A game like SEA’s Free Fire has 180 million monthly active users. Since it dominates a lot of the infrastructure, it’s hard for rivals to move into the same region. But Rydon said that a decentralized network could compete against the market leader’s infrastructure by aggregating GPUs from multiple providers who come in when the demand and price is right. It’s not unlike the validators who ensure correct computing results in a blockchain network.
As for the focus on gaming, Rydon said. “We have to have a value proposition. We’re a young company, we have to dial in to a specific space. At the moment, we’re dialing into gaming. We love the democratization that this technology allows the gaming sector to experience.”
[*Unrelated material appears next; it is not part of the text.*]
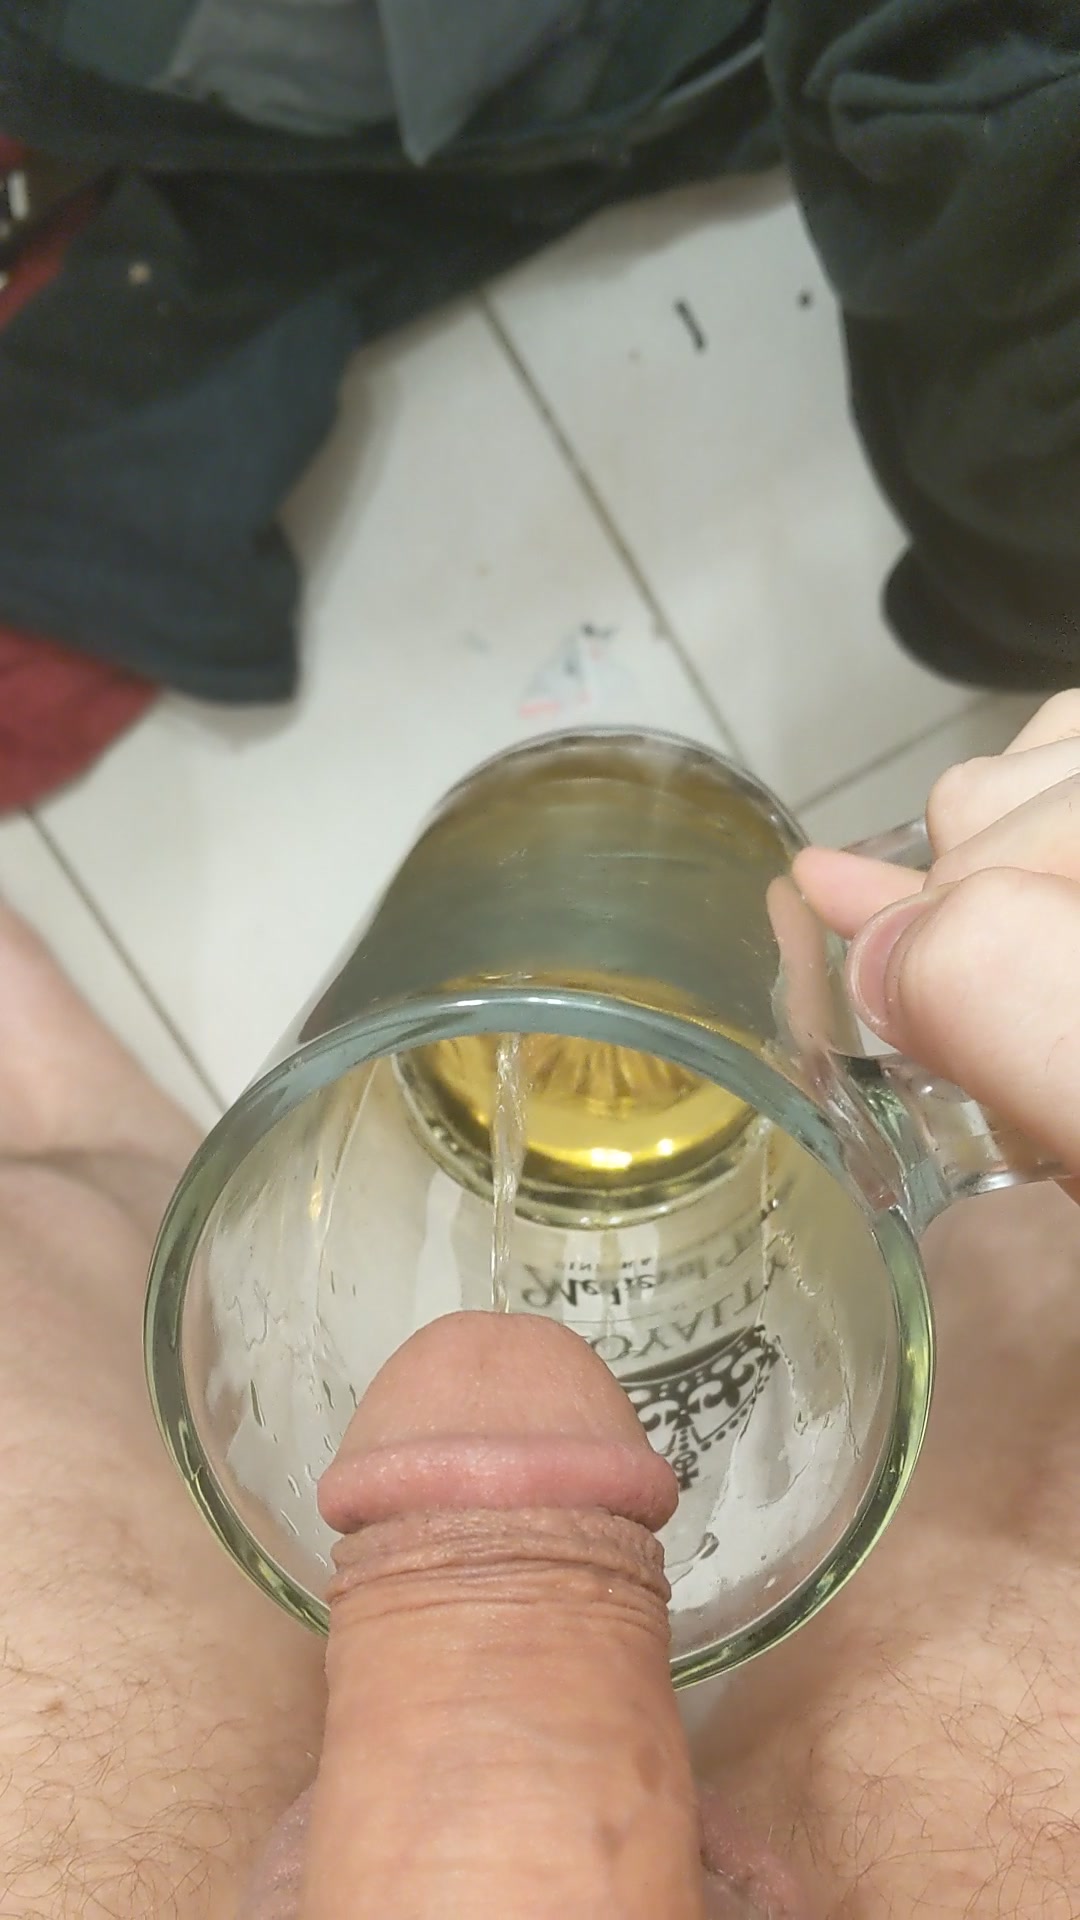 Big Dick Pig Drinking His Own Piss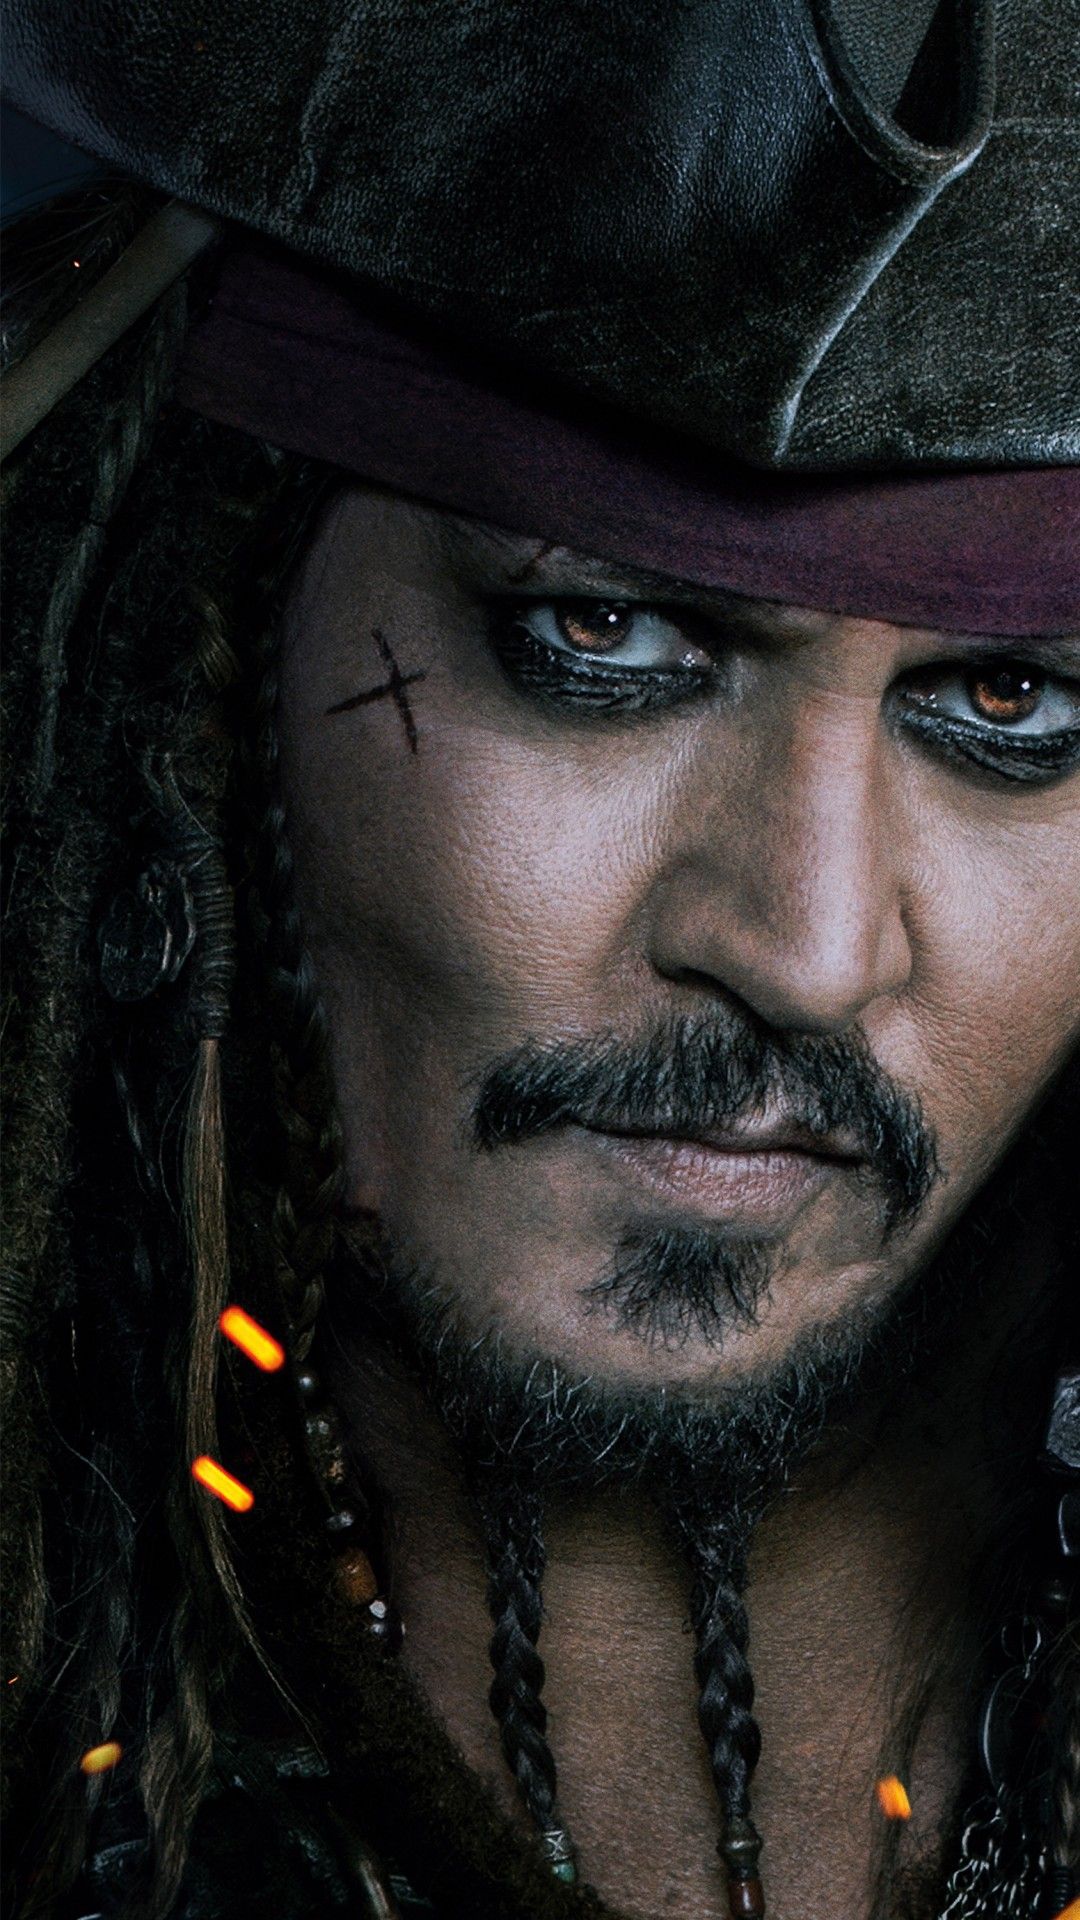 Wallpaper Johnny Depp, Captain Jack Sparrow, Movies,. Wallpaper for iPhone, Android, Mobile and Desktop

If a company wants to get more GPUs and it can’t get them, it runs the risk of being out of luck as it needs more computing resources. But if it can tap its neighbors in the decentralized network, then there is more capacity in the market that it could purchase on the fly.
“We are actually built as a solution for that problem,” Rydon said.
And if there is a recession that means a lot of the GPUs in one company are underutilized, that company could farm them out.
Rydon said the company is scaling in Southeast Asia where growth is pretty big right now. The company will be deploying maybe 15 nodes across the region in the new few months, enabling the equivalent of 100,000 monthly active users onto its ecosystem. Then it will become easier for game companies to deploy in places like Indonesia or Malaysia. Rydon said the company has a number of users for its infrastructure in Thailand, Hong Kong, Singapore, Latin America and Brazil. It will also launch in Japan and South Korea soon. In providing computing resources where they are needed, Aethir takes a cut.
Overall, Aethir has more than 10 games on its network with more than 200,000 users.